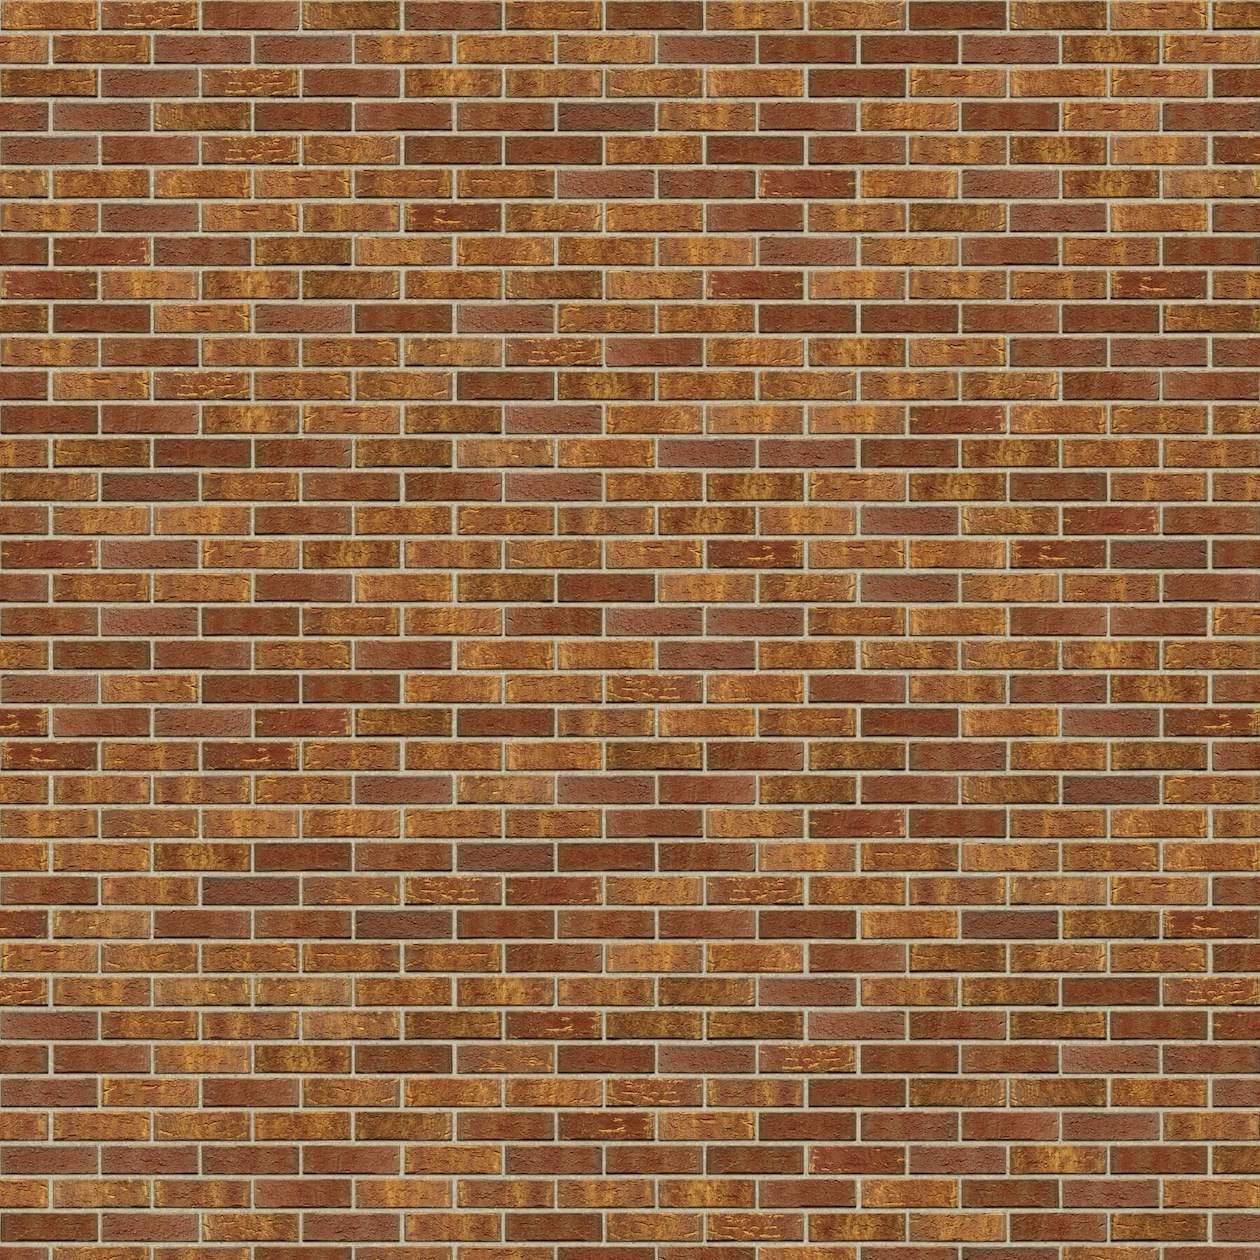 Puna-cigla-FeldHaus-Klinker-brick-house-nf-k-686-Bez Fuga
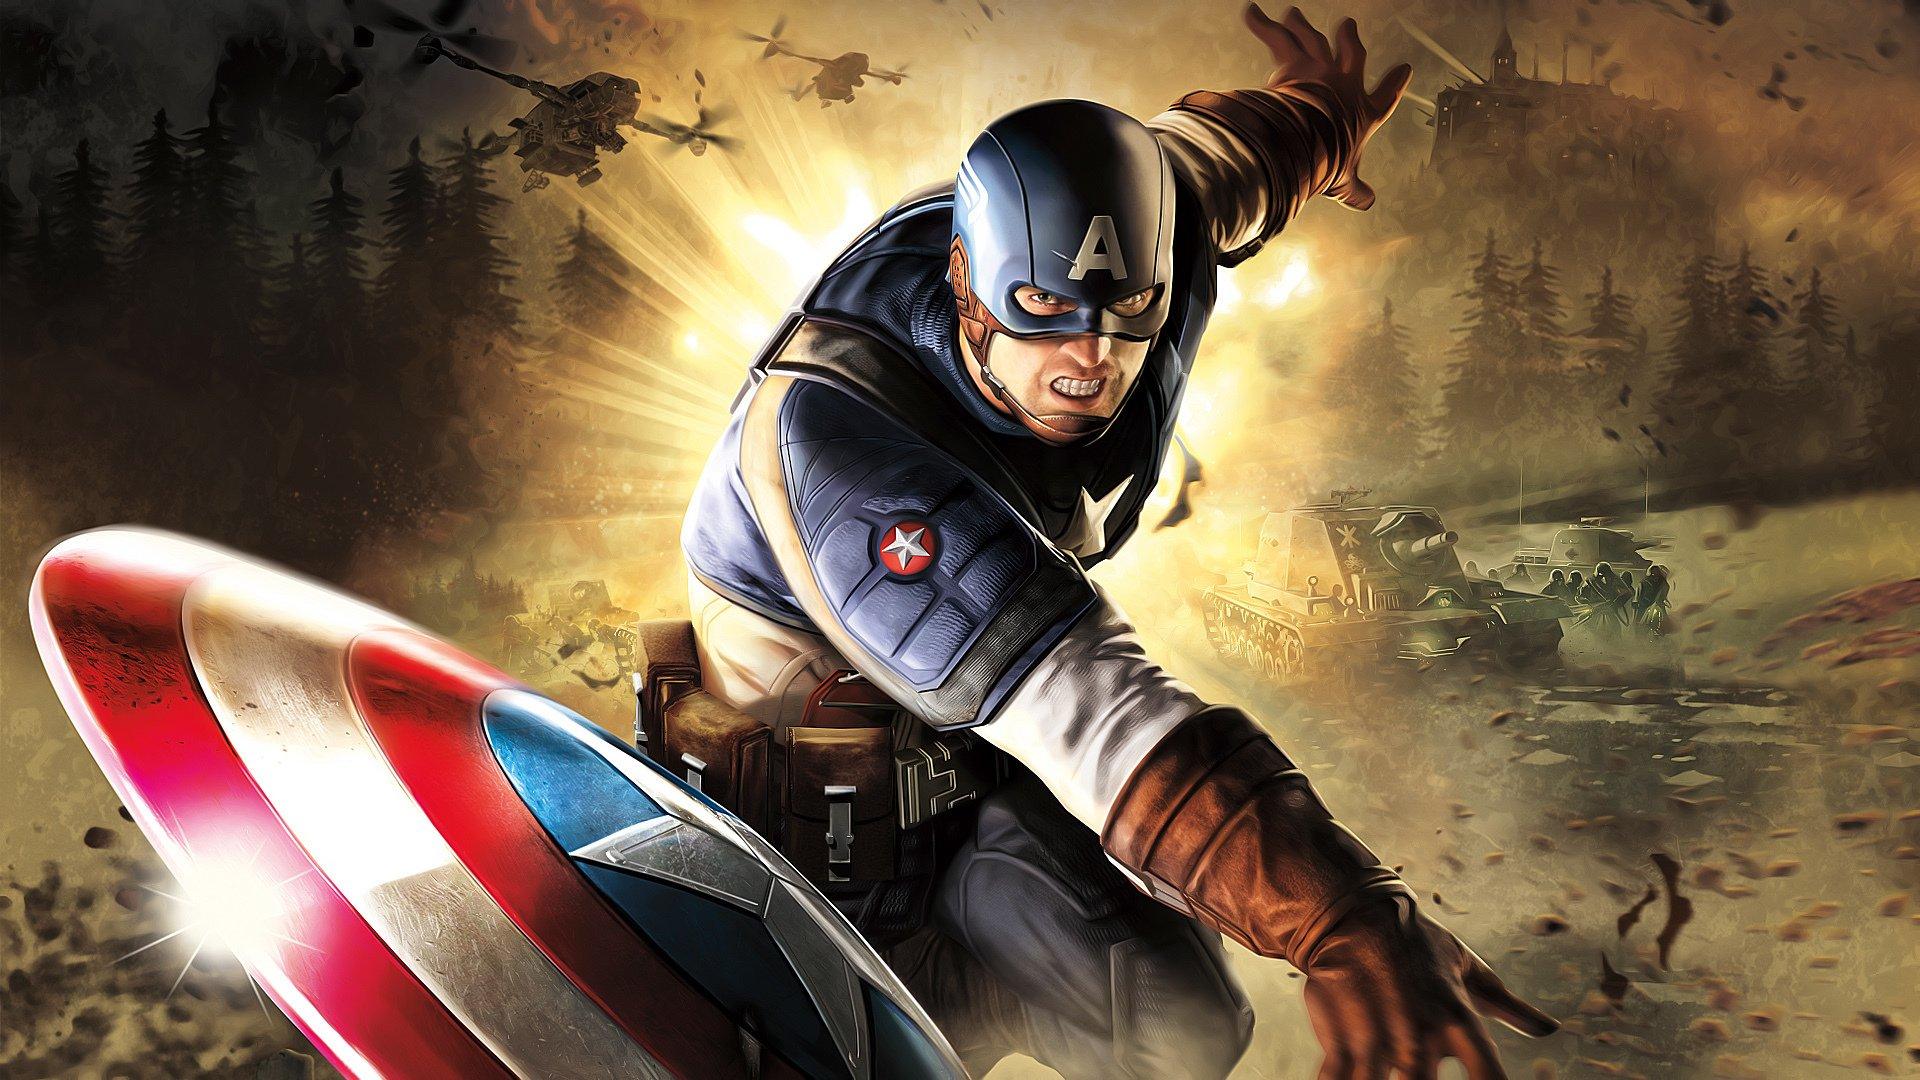 Captain America  C2 B7 Wallpapers Id211685
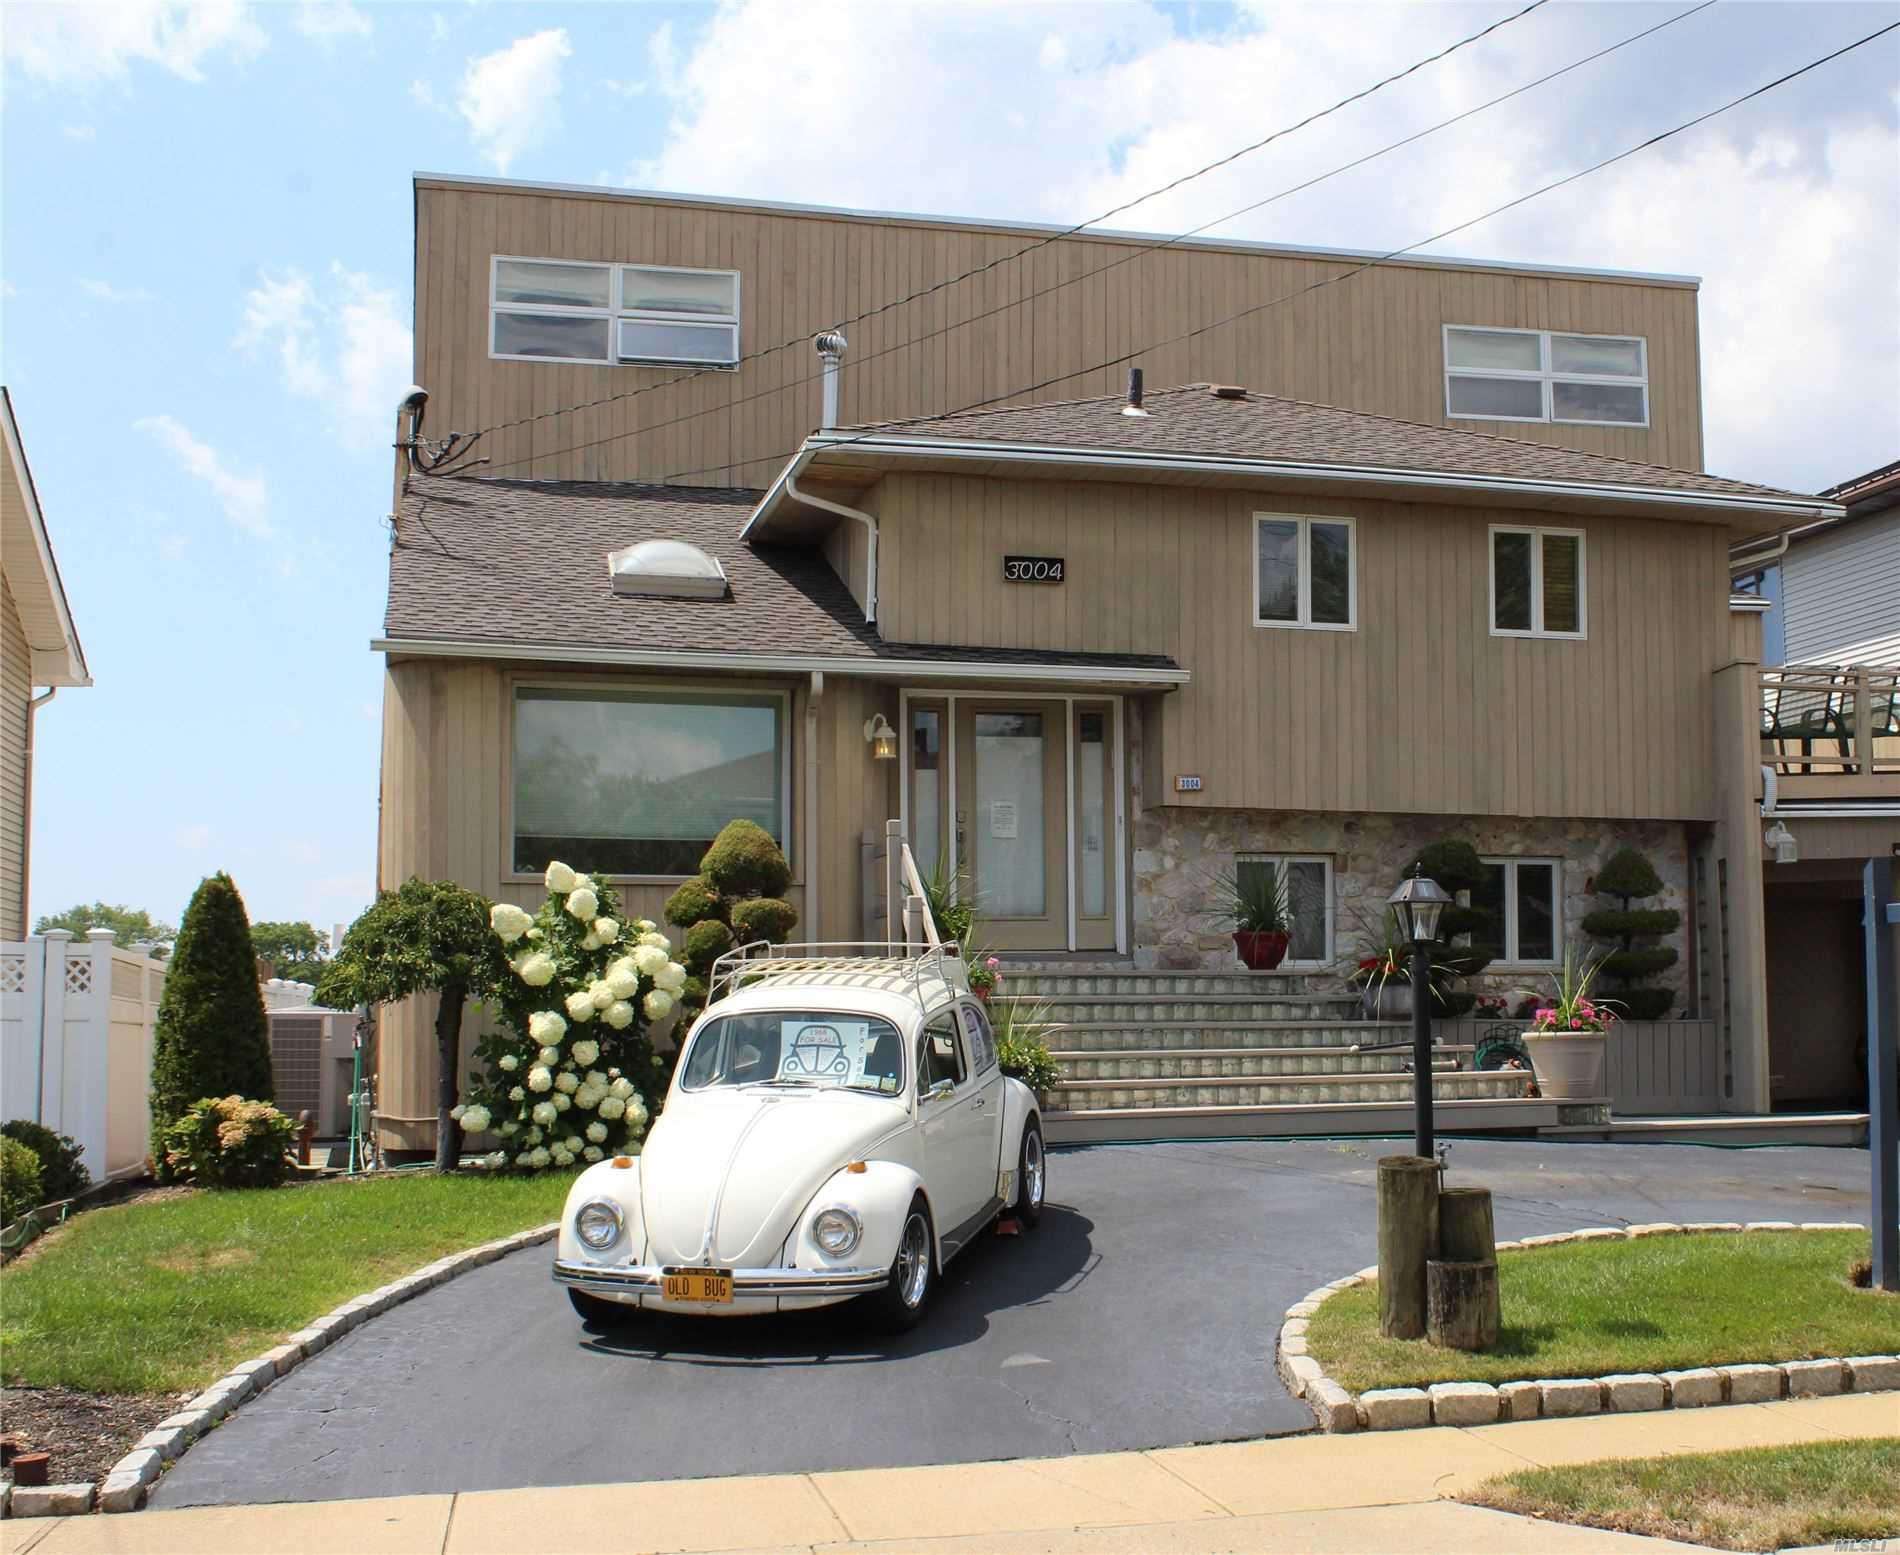 3004 Shore Rd - Bellmore, New York

────────────────

THE PROBLEM → From the line with "B7 Wallpapers Id211685" through the final line of the data above, copy everything exactly, both ends included, but not the pictures.

TASK OUTPUT →
 Captain America  C2 B7 Wallpapers Id211685
 3004 Shore Rd - Bellmore, New York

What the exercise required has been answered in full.